August Habermann (Mark Waschke) is a German living in a town in Northern Czechoslovakia, the Sudeten land that Hitler maintained was historically German. His family business, a lumbermill and flour mill, is the town's biggest employer going back generations. While his national identity is German, he sees himself as part of the town and rejects the politics of Hitler, but when the Nazis invade, he dismisses the fears of his best friend Karel (Karel Roden), a Czech national married to a German woman, and refuses to take a side.
He protects his Czech workers from the Nazis as best he can while distancing himself from the Resistance fighters, and he maintains this apolitical stance even after he discovers that his Czech wife Jana (Hannah Herzsprung), an orphan raised Catholic by nuns in the convent, is half-Jewish, a secret that could be betrayed to the occupying Nazis at any time.
Based on a true story, this 2010 German-Czech co-production tackles a provocative history little known outside of Czechoslovakia and attempts to explore complete issues in a drama that compresses eight years into 100 minutes, which is the film's biggest weakness. We never get to see the culture of the town before the German occupation and the characters, while engaging, are barely more than two-dimensional. What the film does well is showing how the years of Nazi occupation created a division between the German and Czech citizens who coexisted peacefully for decades.
Filmmaker Juraj Herz, a Czech Jew, and concentration camp survivor began directing during the lively era of the Czech New Wave (his 1968 black comedy The Cremator is a minor classic) and often collided with Soviet censors before the fall of the Iron Curtain. He leans into the rage and injustice here, opening the film on Czech reprisals against German civilians in 1945, then jumping back to 1937 to show how August Habermann, a seemingly moral force in the community, remains willfully blind to the injustice, bigotry, and tyranny of the Nazis until he himself becomes an unwilling participant in their atrocities.

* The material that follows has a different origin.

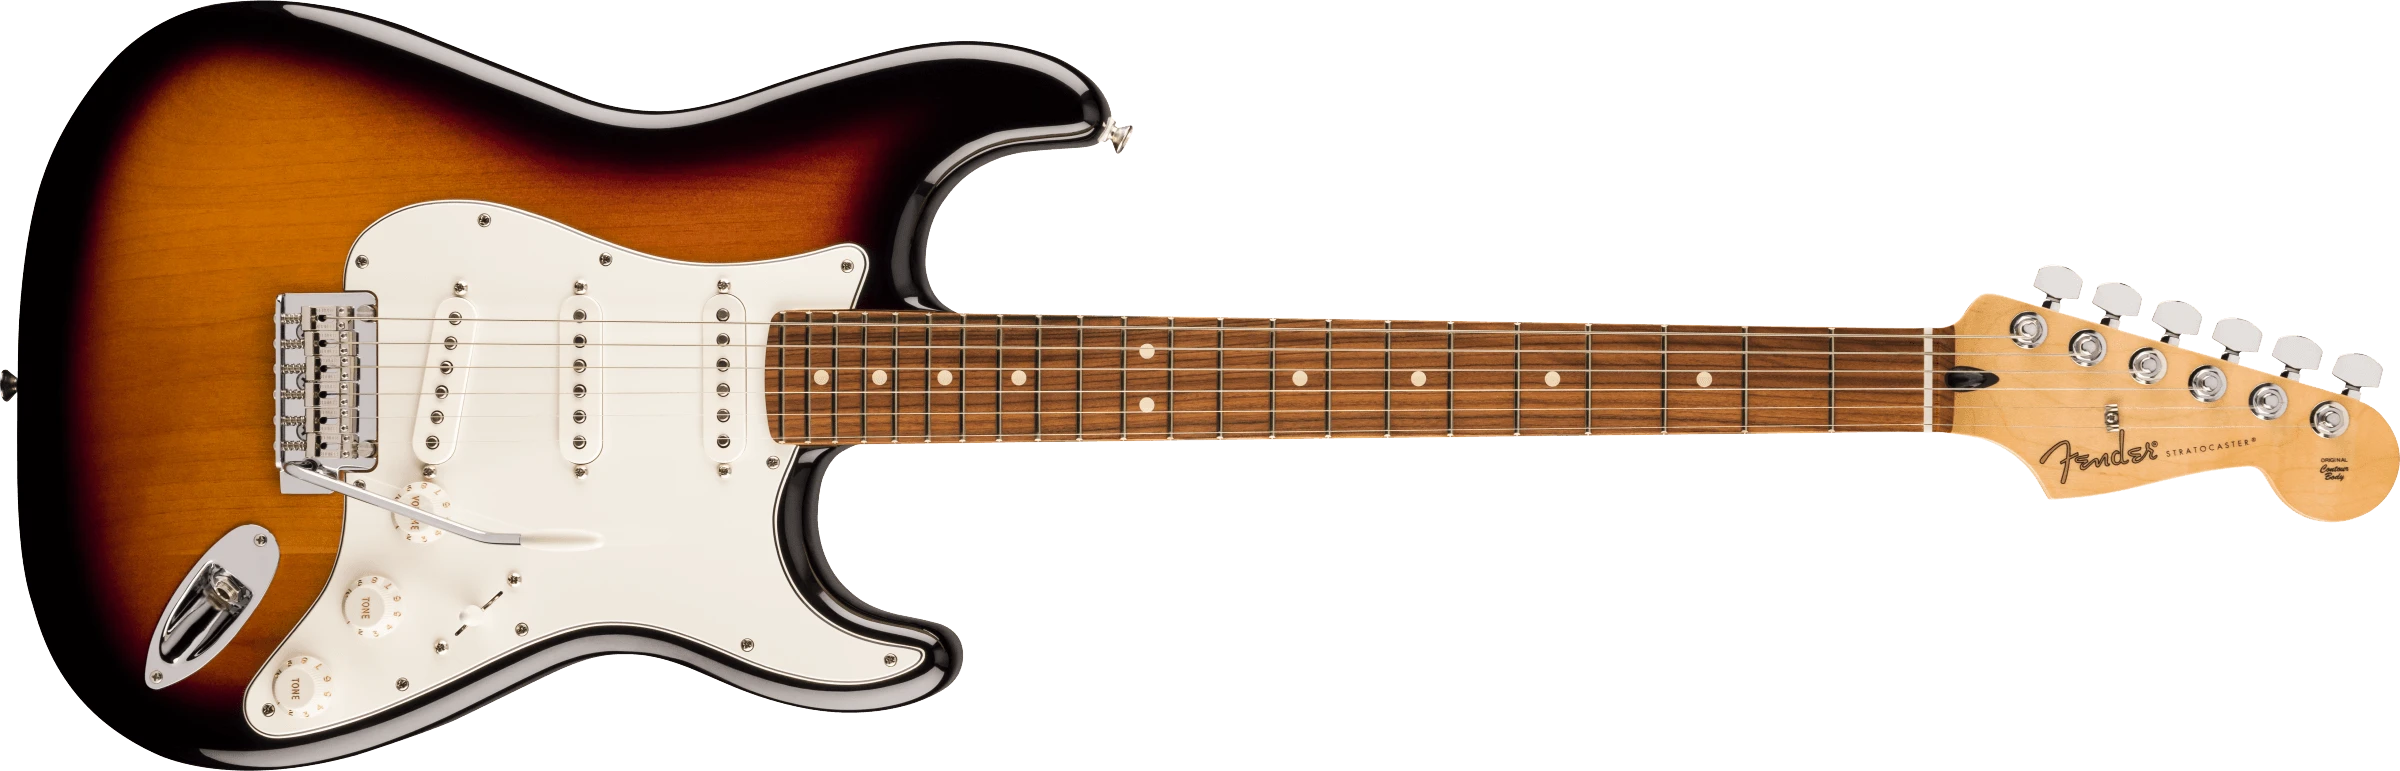 Fender Strat Player 2ts/pf 70th Anniversary
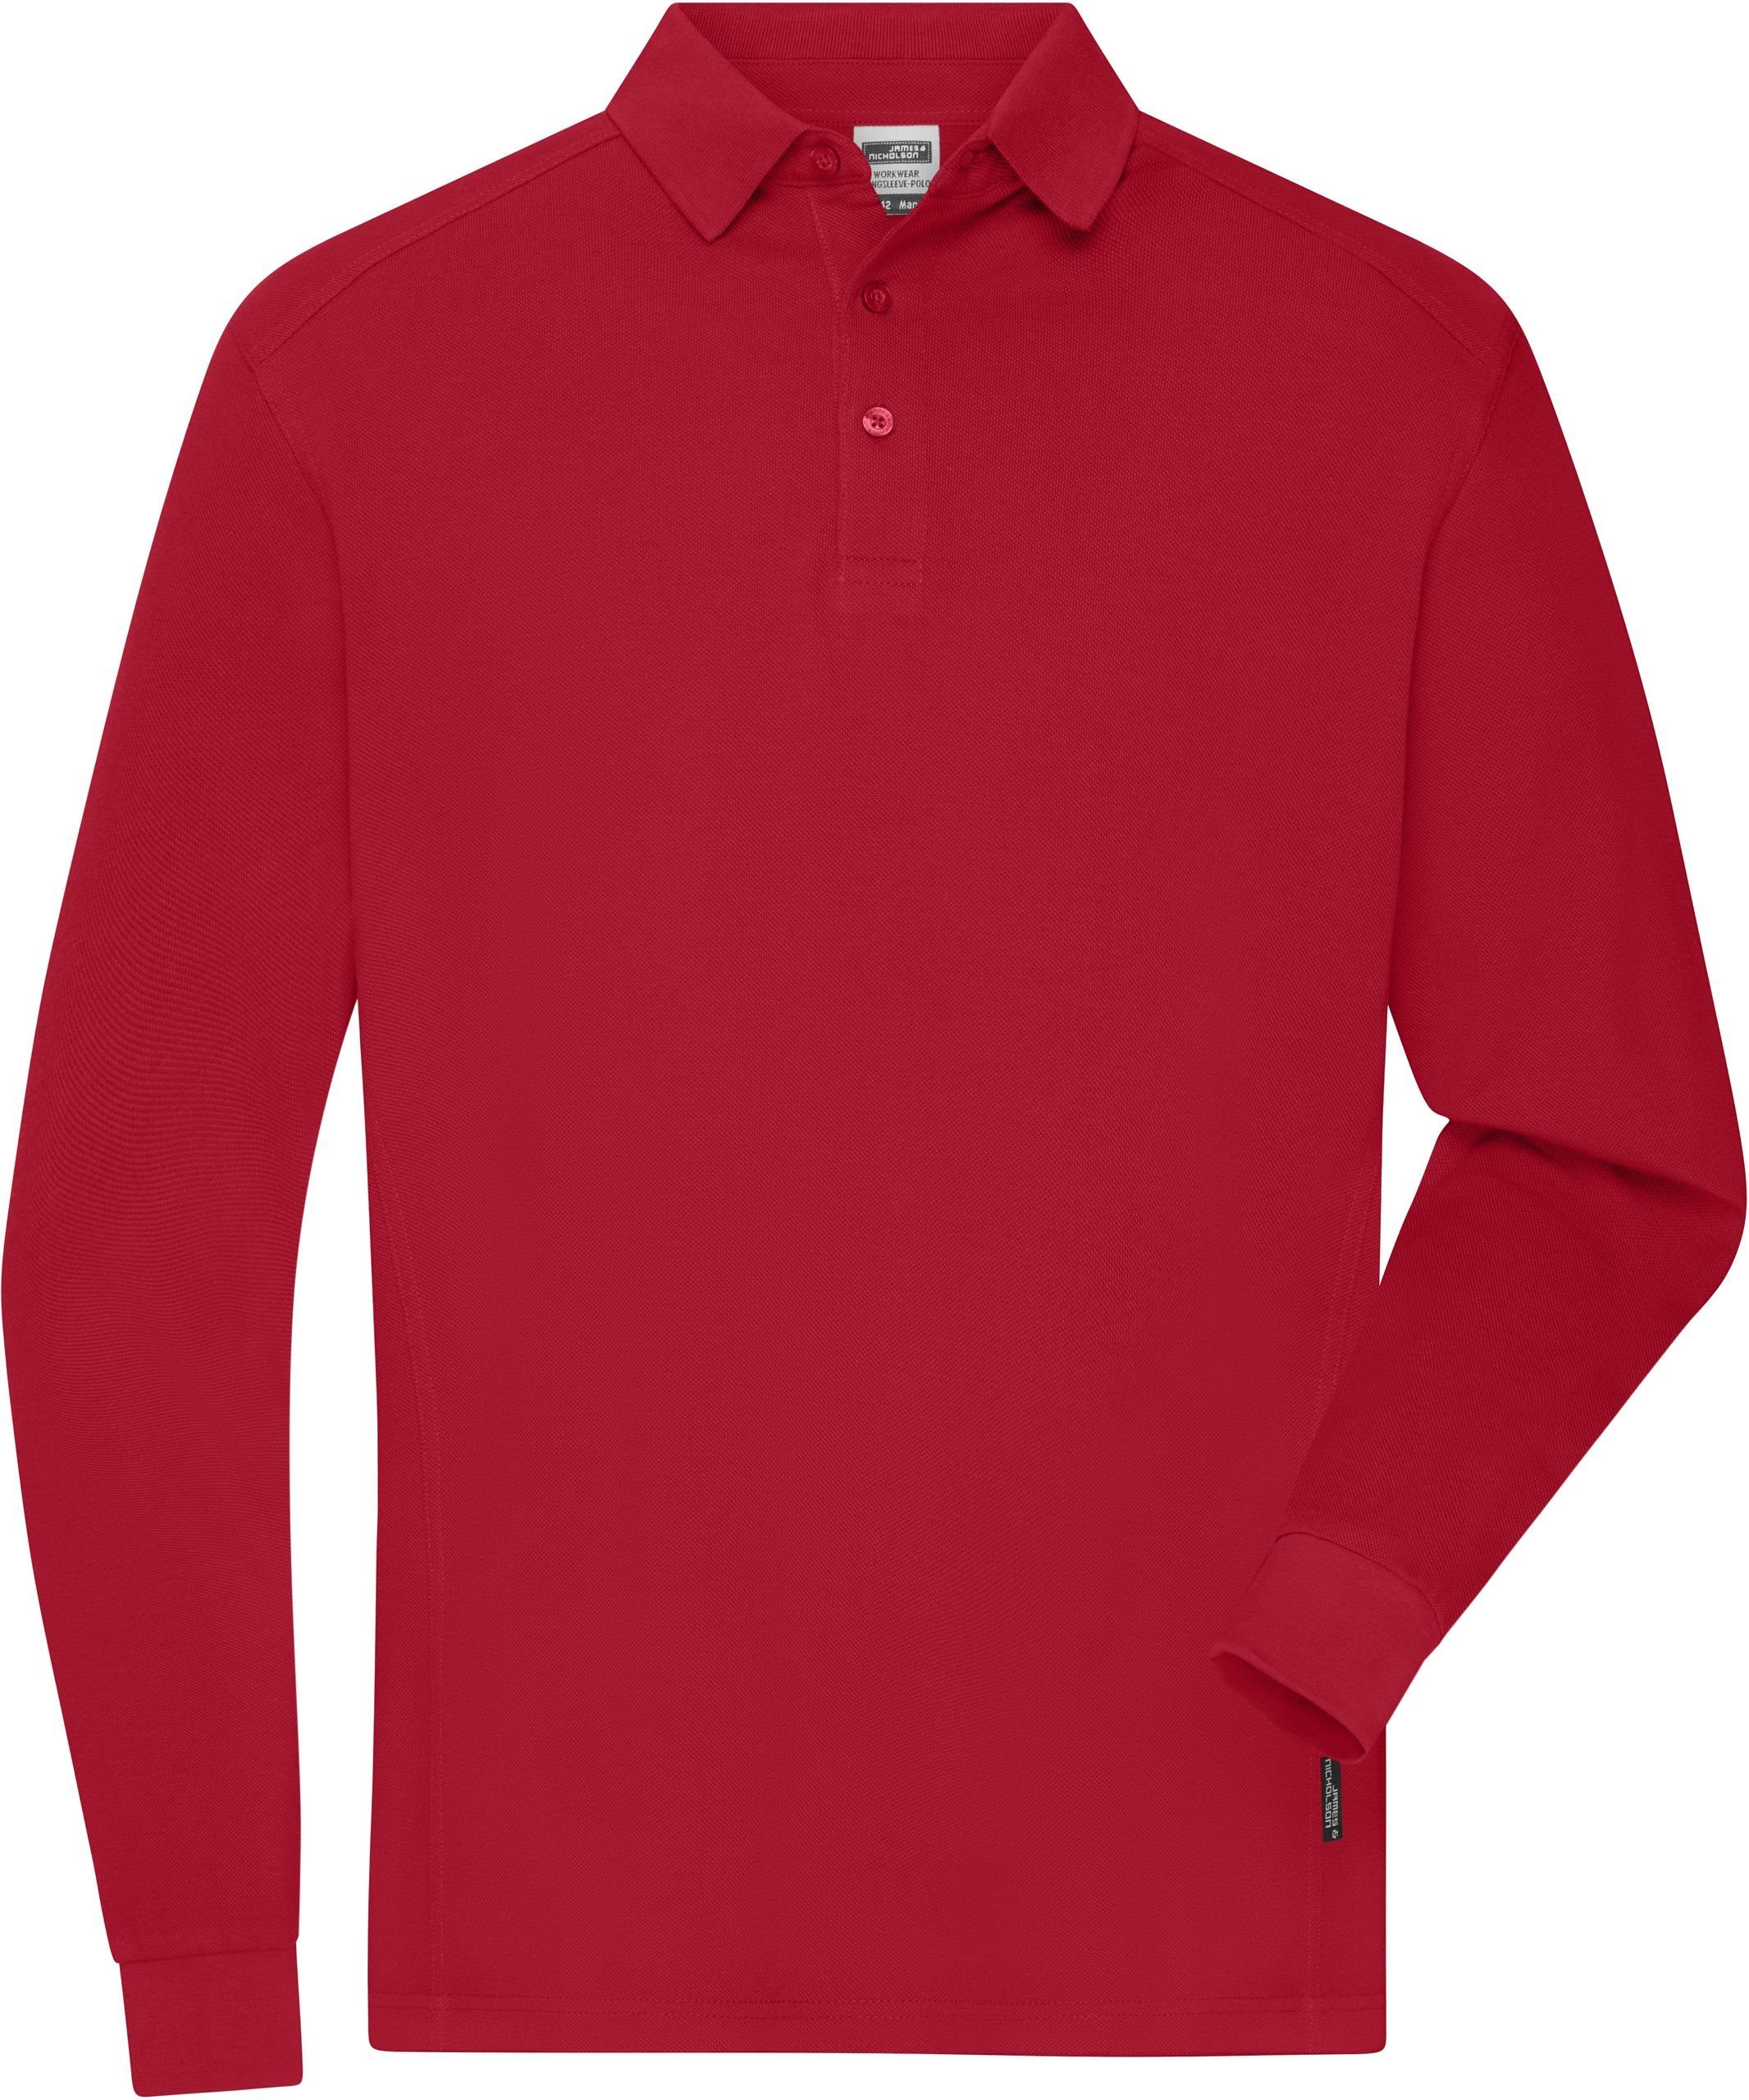 James & Nicholson Poloshirt Herren Workwear Polo langarm RED

Far from an innocent victim who becomes the target of Czech rage, Habermann reveals this well-meaning community leader as a man who denies the oppression and tyranny around him until it finally turns on him. It was released in the U.S. in 2011 to mixed reviews but I find it a provocative portrait of a little-known piece of World War II history with themes that are resonant in any era.
Not rated, features brief nudity, sexuality, torture, and violence. A strong option purchase.